2. The method of fast noise estimation based feature compensation in a speech recognition system according to claim 1, wherein: the first gaussian mixture model for noise parameter estimation contains fewer gaussian units and thus is less computationally intensive and allows for fast estimation of the mean and variance of the noise from noisy test speech.

3. The method of fast noise estimation based feature compensation in a speech recognition system according to claim 1, wherein: the second Gaussian mixture model for pure speech estimation contains more Gaussian units, so that the distribution of speech can be fully described, and an accurate pure speech estimation value can be obtained.

4. The method of fast noise estimation based feature compensation in a speech recognition system according to claim 1, wherein: the covariance matrices of the gaussian mixture model for both the noise parameter estimation and the clean speech estimation take the diagonal matrix.

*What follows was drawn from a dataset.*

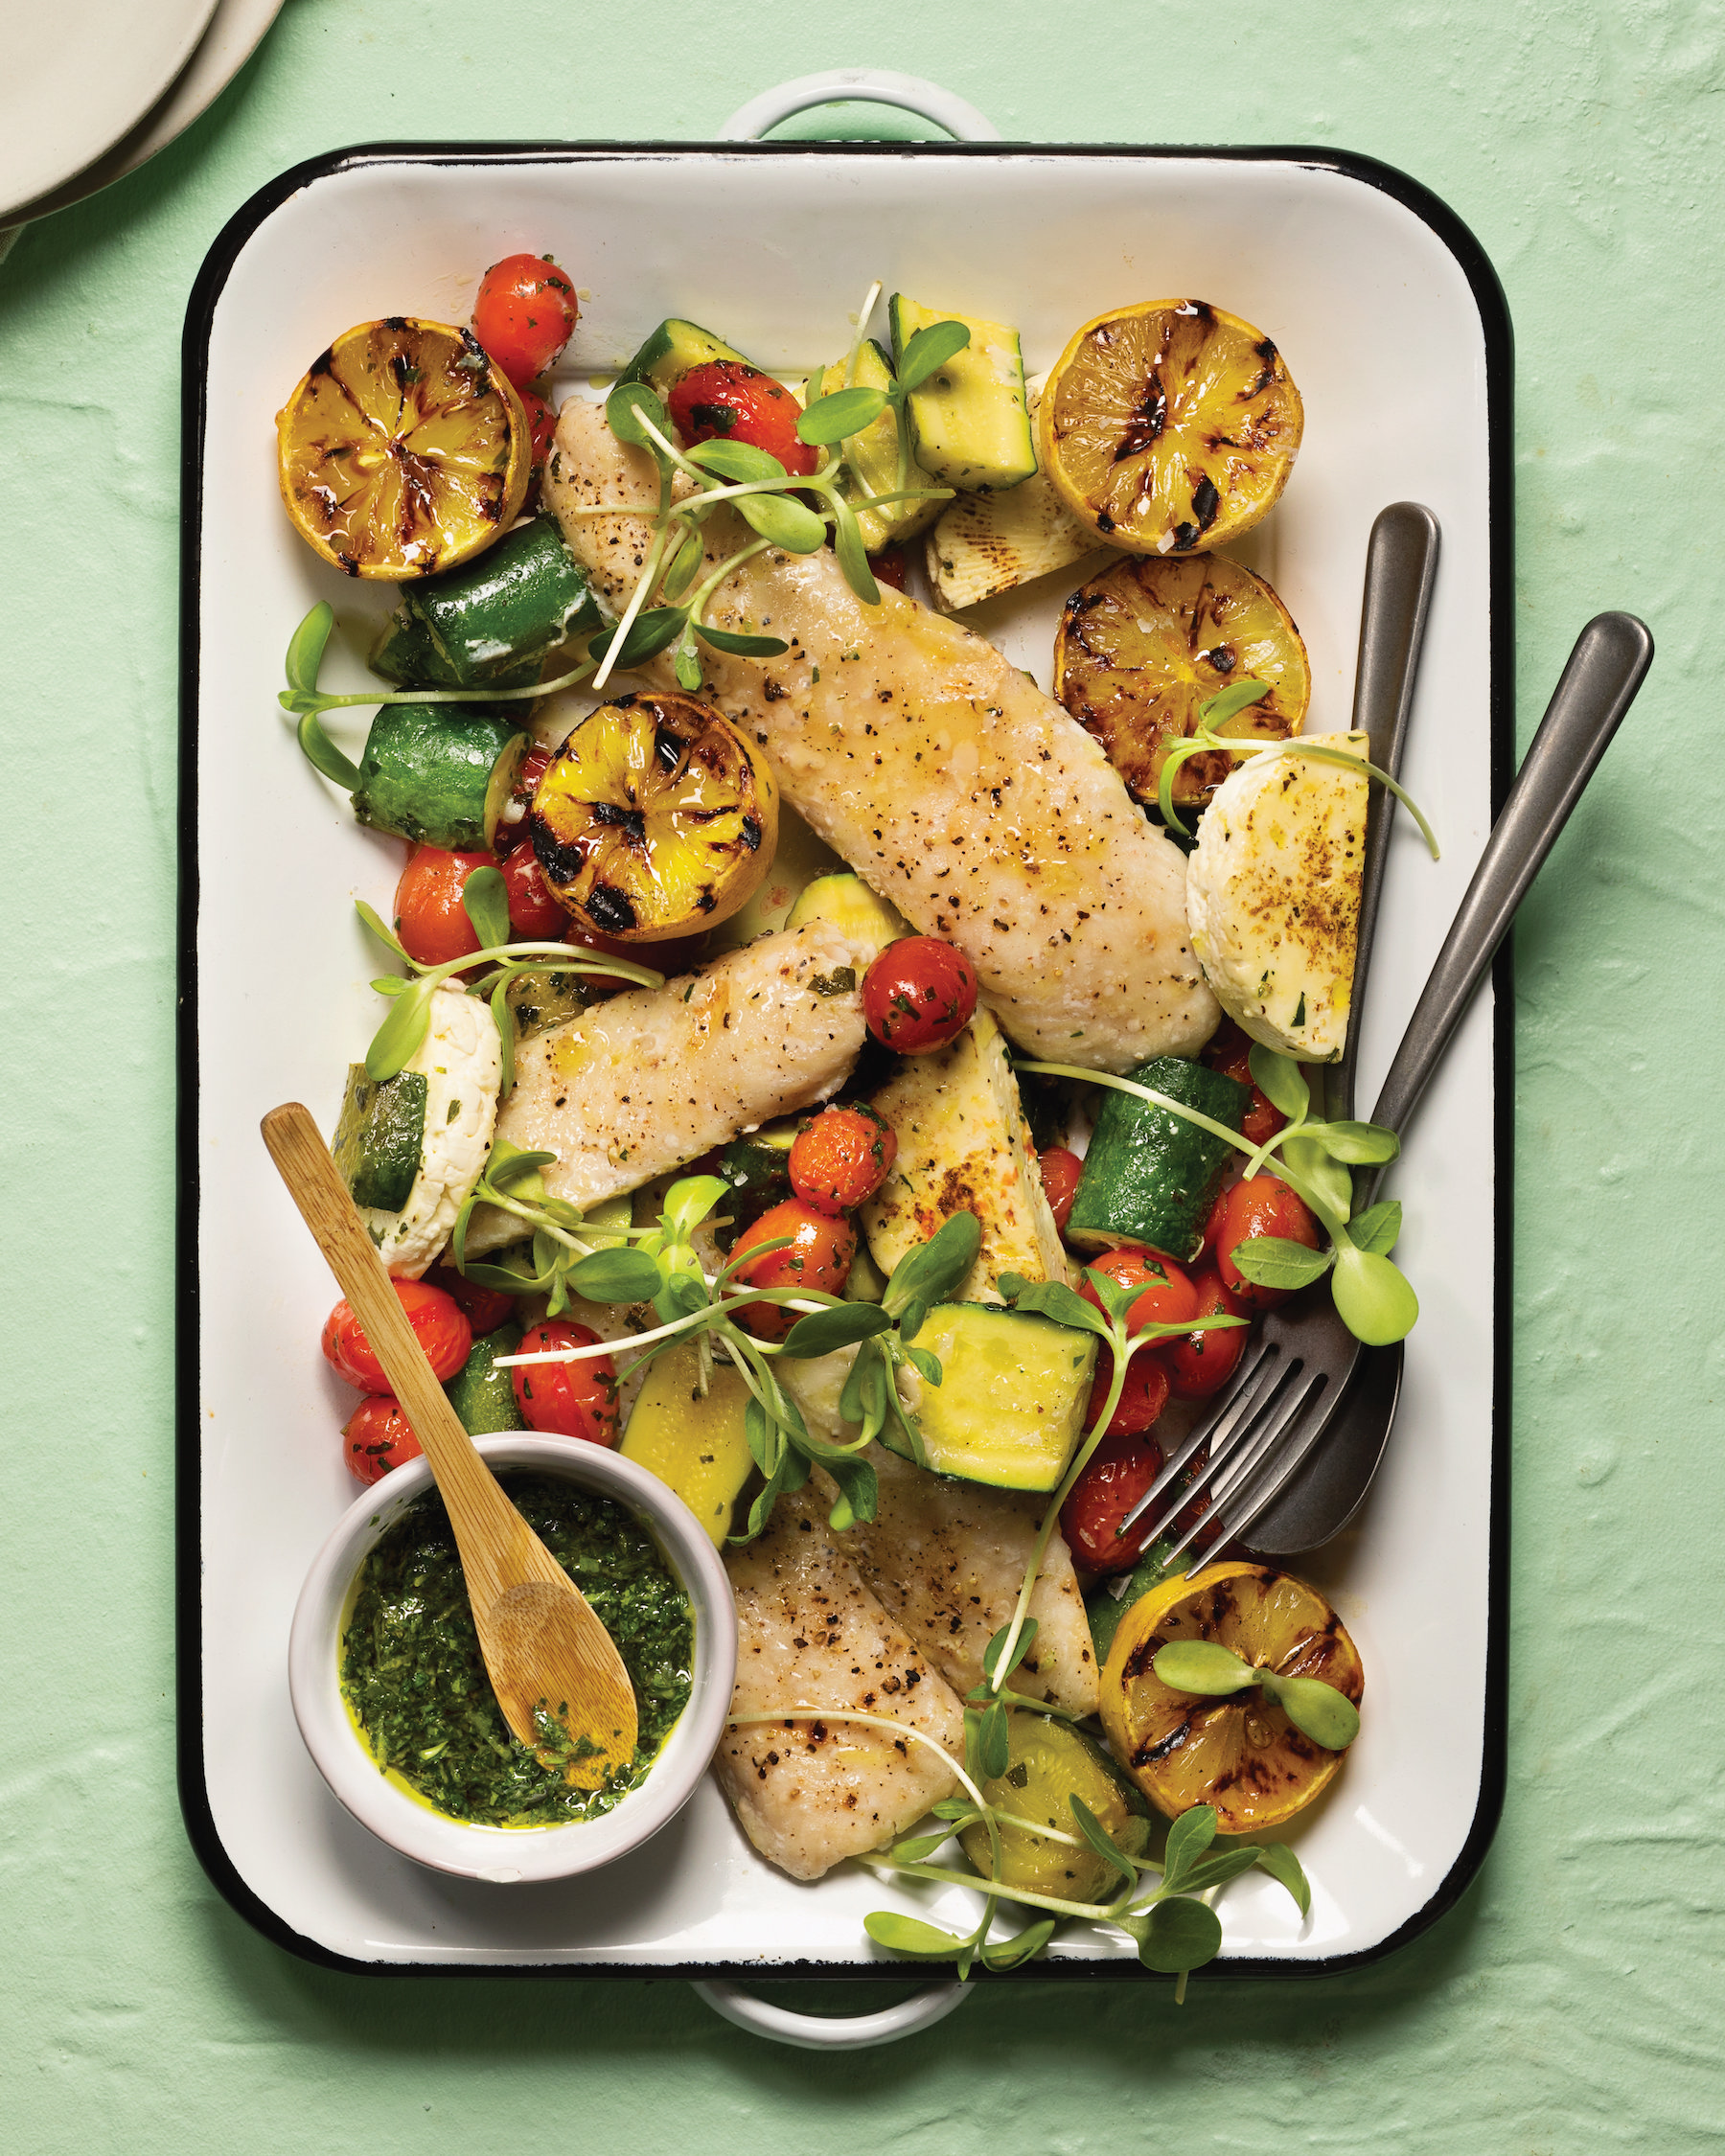 You are currently viewing Eat in colour with this baked fish and veggies

5. The method of fast noise estimation based feature compensation in a speech recognition system according to claim 1, wherein: the first GMM and the second GMM only model the static coefficient of the feature vector and do not consider the dynamic coefficient; the noise parameter estimation based on the first GMM and the clean speech estimation based on the second GMM also only calculate the static coefficients of the noise and the speech; the dynamic coefficients of the clean speech feature vector are obtained by time-domain differencing the estimated static coefficients.